Elizabeth Yin, one of our co-founders, takes a different approach. Sure, a great founder can probably bring a bad idea up to a mediocre success. But Elizabeth believes great founders should be spending their time making a great idea into a spectacular success.

So for Elizabeth, what matters is the idea. It needs to be a great idea matched to the correct founder.  

It also needs to be a good fit for our fund.

“Good fit for our fund?” Meaning what, exactly?

Hustle Fund is a microfund, meaning that we offer $50k checks for the opportunity to work with a founder. That’s simply not as big as other funds. While it’s likely that you’ll raise money from other investors as well, we want to know that our small check will be meaningful to your business in the earliest days.

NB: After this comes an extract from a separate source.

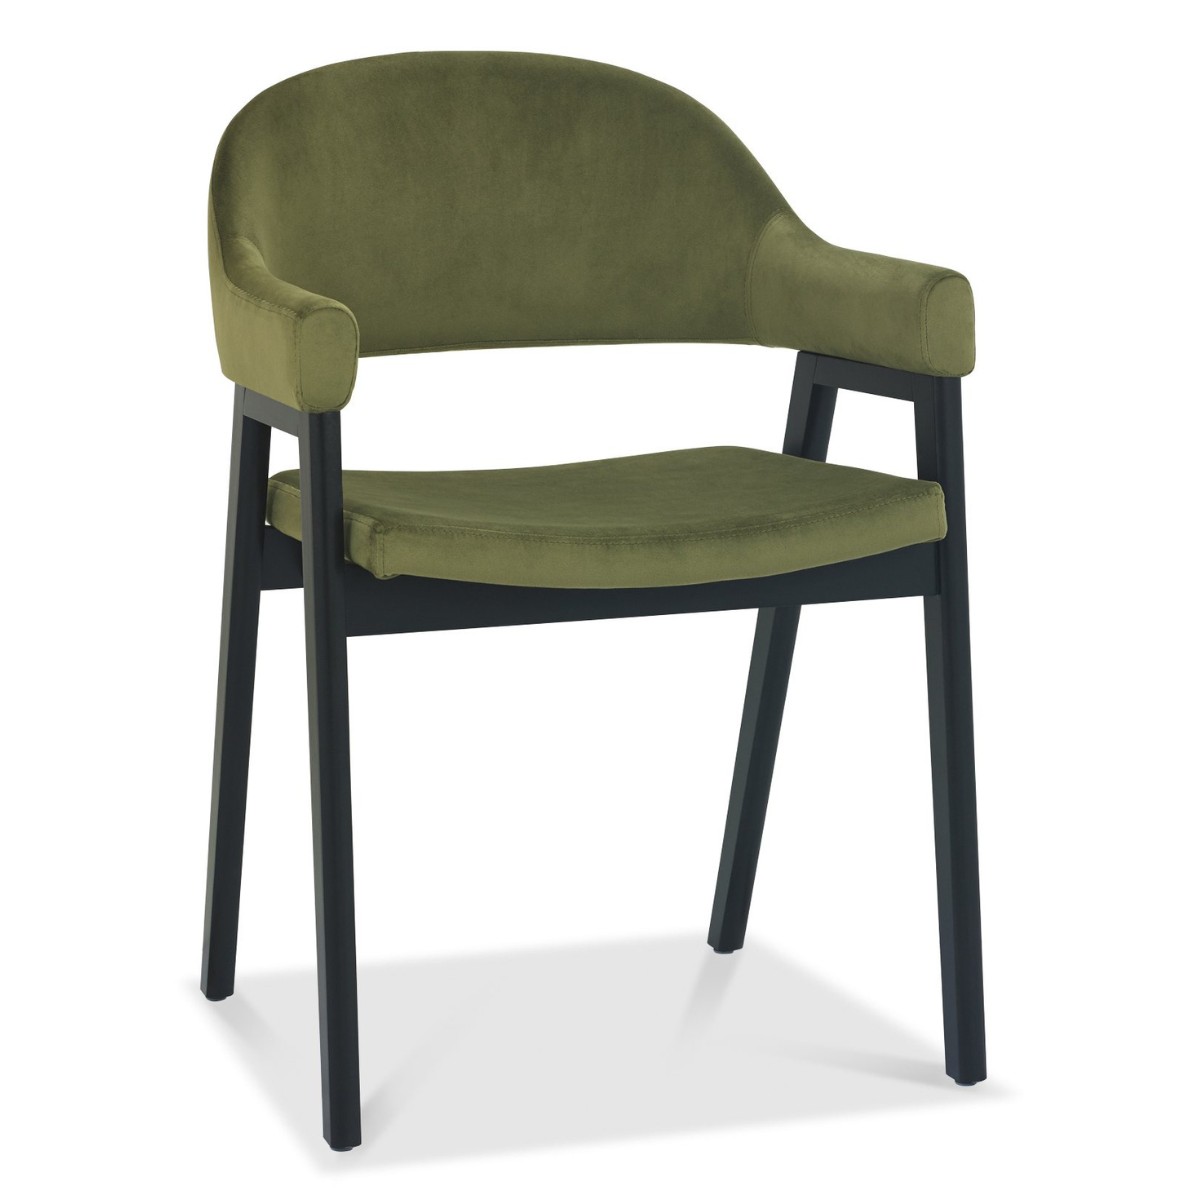 Chambery Weathered Oak Carver Dining Chair Green- 1

So if you’re a startup with high overhead costs, and $50k will barely get your company off the ground, we’re not the right fit for you. Even a great idea with a great founder might be a pass from us if the idea hinges on a lot of capital to get off the ground.  

So how do we evaluate the idea, founder, and fit? ⚖️

This is where things get interesting.

Good ideas have well-thought-out plans for acquiring—and keeping—customers. Maybe you’re familiar with the terms CAC (cost to acquire customers) and LTV (lifetime value). You want to keep CAC low and LTV high, especially as you scale.

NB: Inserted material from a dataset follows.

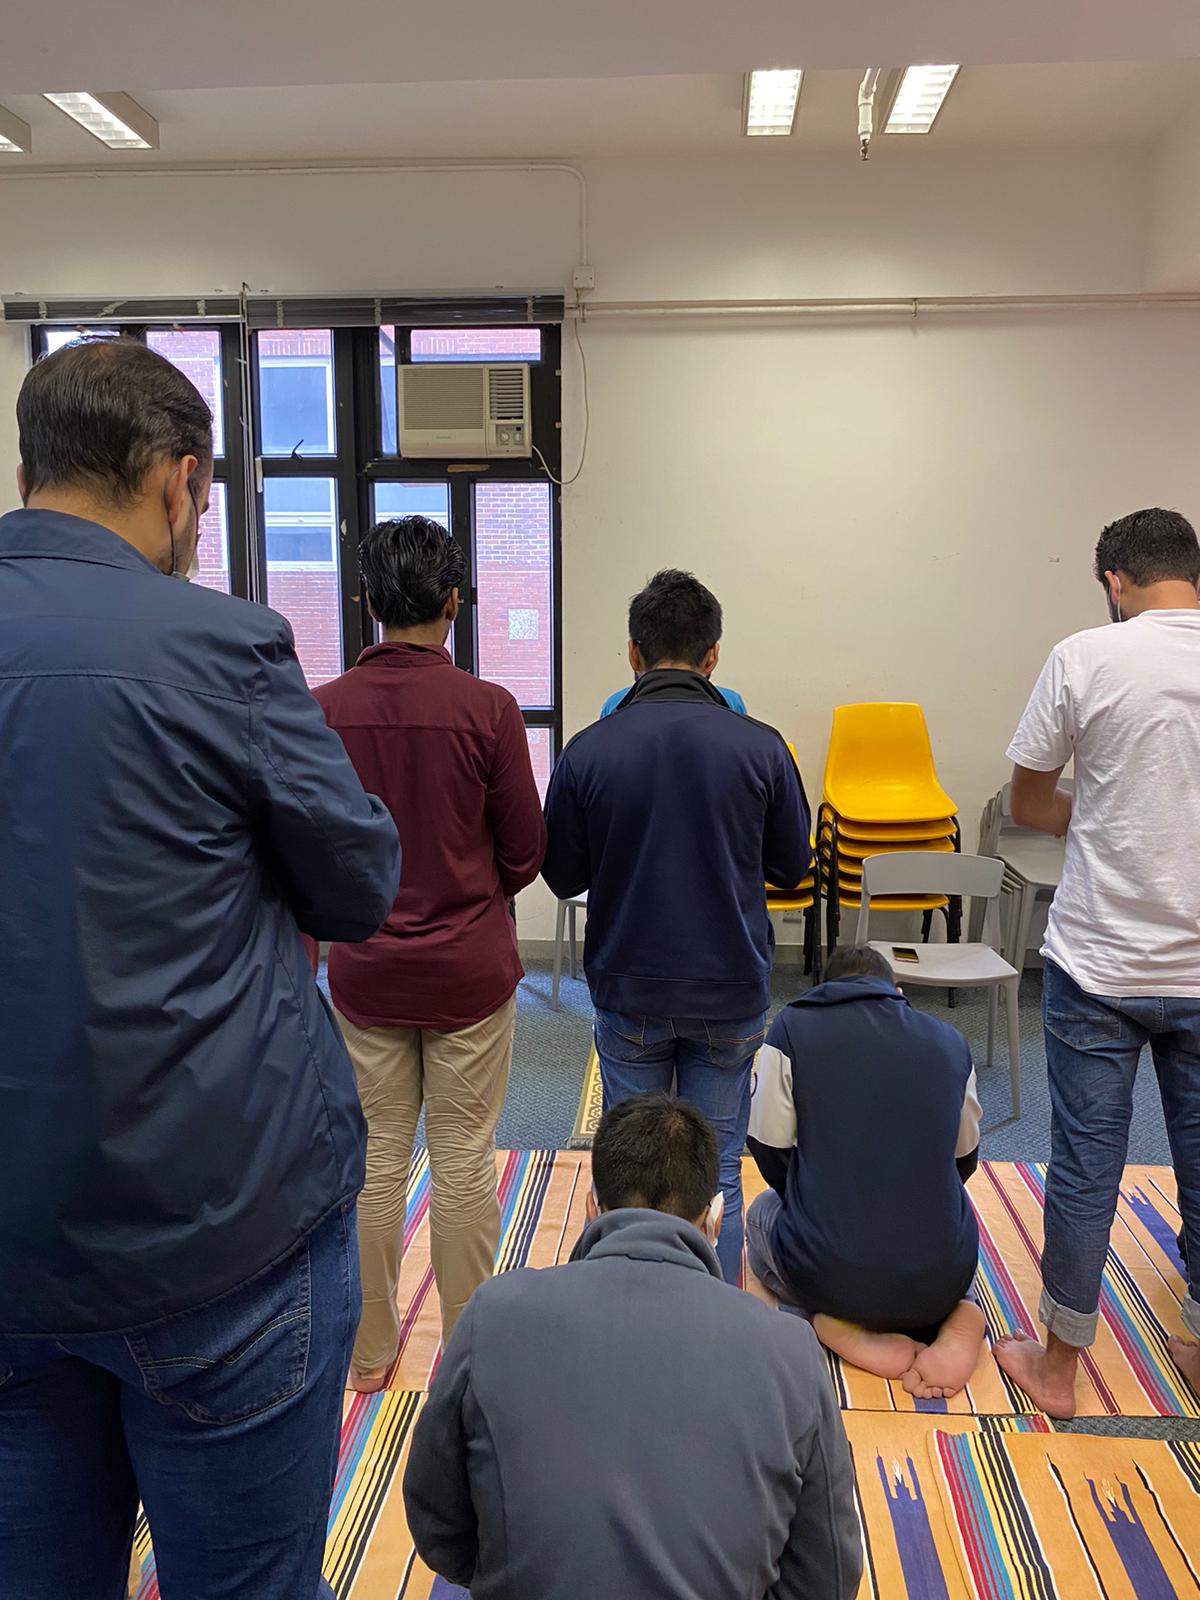 Students are participating in a weekly prayer session.

At the most basic level, this means that we want to see that you can

  1. Acquire a customer for less money than you make from that customer (low CAC)
  2. Keep that customer around (high LTV)

On the CAC side, we want to understand how your company is going to get customers. How are you thinking about marketing right now? What channels will you use to rise above the noise of your competitors? How will these change as you get more customers?

You don’t need to know which channels will perform the best. But you should be able to demonstrate that you’ve thought strategically about all this.

Then we want to know how you’re thinking about the LTV of the customers you do acquire. This is where the fundamentals of the idea come in. Is your product so valuable that people will be willing to pay for it? How often? How much? And within a timeline that our microfund can support?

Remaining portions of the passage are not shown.